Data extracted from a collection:

═══

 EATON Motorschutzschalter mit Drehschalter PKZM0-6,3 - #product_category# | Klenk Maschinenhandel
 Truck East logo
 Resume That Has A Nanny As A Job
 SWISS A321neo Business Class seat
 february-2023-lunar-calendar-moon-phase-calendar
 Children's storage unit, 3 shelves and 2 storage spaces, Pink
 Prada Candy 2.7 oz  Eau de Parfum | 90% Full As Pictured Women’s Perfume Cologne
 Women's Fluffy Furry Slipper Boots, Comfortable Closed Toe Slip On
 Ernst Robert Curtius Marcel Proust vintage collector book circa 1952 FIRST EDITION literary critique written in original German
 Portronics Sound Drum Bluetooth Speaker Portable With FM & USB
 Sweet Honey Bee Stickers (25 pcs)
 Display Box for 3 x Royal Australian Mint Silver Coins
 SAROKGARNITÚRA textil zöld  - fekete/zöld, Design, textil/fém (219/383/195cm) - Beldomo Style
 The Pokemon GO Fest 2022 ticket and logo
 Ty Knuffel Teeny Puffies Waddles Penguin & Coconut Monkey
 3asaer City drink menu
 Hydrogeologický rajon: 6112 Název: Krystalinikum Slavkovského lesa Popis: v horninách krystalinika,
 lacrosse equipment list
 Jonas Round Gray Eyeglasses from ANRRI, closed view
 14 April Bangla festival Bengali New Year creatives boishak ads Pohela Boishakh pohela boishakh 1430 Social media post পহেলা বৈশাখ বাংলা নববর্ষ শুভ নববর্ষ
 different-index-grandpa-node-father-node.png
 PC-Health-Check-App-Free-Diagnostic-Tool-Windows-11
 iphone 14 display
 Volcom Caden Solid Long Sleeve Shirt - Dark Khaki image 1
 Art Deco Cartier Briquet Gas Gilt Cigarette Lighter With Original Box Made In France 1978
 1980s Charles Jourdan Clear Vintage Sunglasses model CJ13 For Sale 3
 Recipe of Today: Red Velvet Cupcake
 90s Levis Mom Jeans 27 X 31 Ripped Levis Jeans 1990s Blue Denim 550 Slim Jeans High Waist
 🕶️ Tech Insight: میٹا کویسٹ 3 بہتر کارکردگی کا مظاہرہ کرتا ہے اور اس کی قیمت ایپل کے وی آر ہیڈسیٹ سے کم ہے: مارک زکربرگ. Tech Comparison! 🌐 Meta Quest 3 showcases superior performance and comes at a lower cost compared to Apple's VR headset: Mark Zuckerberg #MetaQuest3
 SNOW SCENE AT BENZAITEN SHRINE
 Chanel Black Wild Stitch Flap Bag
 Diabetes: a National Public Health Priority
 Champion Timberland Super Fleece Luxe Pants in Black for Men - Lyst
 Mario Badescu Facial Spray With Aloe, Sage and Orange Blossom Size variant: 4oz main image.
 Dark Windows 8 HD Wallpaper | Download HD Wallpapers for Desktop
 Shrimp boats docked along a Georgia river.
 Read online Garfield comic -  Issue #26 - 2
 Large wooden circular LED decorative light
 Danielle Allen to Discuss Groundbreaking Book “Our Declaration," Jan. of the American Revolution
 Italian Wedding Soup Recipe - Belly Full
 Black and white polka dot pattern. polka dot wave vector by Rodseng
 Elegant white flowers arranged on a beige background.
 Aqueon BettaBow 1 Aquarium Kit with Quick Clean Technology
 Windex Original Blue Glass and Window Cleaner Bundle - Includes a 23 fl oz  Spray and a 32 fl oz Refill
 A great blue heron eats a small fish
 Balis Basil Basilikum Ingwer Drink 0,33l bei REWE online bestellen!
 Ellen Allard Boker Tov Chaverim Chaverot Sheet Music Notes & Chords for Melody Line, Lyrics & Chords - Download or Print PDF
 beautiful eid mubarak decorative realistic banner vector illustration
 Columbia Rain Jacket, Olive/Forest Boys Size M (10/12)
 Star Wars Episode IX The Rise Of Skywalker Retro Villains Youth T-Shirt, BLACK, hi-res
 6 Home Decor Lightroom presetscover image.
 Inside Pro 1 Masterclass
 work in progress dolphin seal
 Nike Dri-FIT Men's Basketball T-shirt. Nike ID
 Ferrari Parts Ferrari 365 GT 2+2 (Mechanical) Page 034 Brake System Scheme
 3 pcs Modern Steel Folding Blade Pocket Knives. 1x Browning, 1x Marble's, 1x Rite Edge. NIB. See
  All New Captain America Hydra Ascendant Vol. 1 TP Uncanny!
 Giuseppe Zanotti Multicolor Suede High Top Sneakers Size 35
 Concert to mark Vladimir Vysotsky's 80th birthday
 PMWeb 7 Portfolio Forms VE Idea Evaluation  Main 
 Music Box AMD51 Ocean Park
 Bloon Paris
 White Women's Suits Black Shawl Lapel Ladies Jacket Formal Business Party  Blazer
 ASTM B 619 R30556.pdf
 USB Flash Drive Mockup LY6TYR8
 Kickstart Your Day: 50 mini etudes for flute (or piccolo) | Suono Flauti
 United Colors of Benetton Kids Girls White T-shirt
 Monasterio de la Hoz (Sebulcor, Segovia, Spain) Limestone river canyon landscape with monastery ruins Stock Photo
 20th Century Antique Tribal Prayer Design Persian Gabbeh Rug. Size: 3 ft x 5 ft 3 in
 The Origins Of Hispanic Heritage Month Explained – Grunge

═══

Problem to work on:
Write out the lines from the one containing "ASTM B 619 R30556.pdf" through the last line of the records above. Include both of those lines and nothing else.

Answer box:
 ASTM B 619 R30556.pdf
 USB Flash Drive Mockup LY6TYR8
 Kickstart Your Day: 50 mini etudes for flute (or piccolo) | Suono Flauti
 United Colors of Benetton Kids Girls White T-shirt
 Monasterio de la Hoz (Sebulcor, Segovia, Spain) Limestone river canyon landscape with monastery ruins Stock Photo
 20th Century Antique Tribal Prayer Design Persian Gabbeh Rug. Size: 3 ft x 5 ft 3 in
 The Origins Of Hispanic Heritage Month Explained – Grunge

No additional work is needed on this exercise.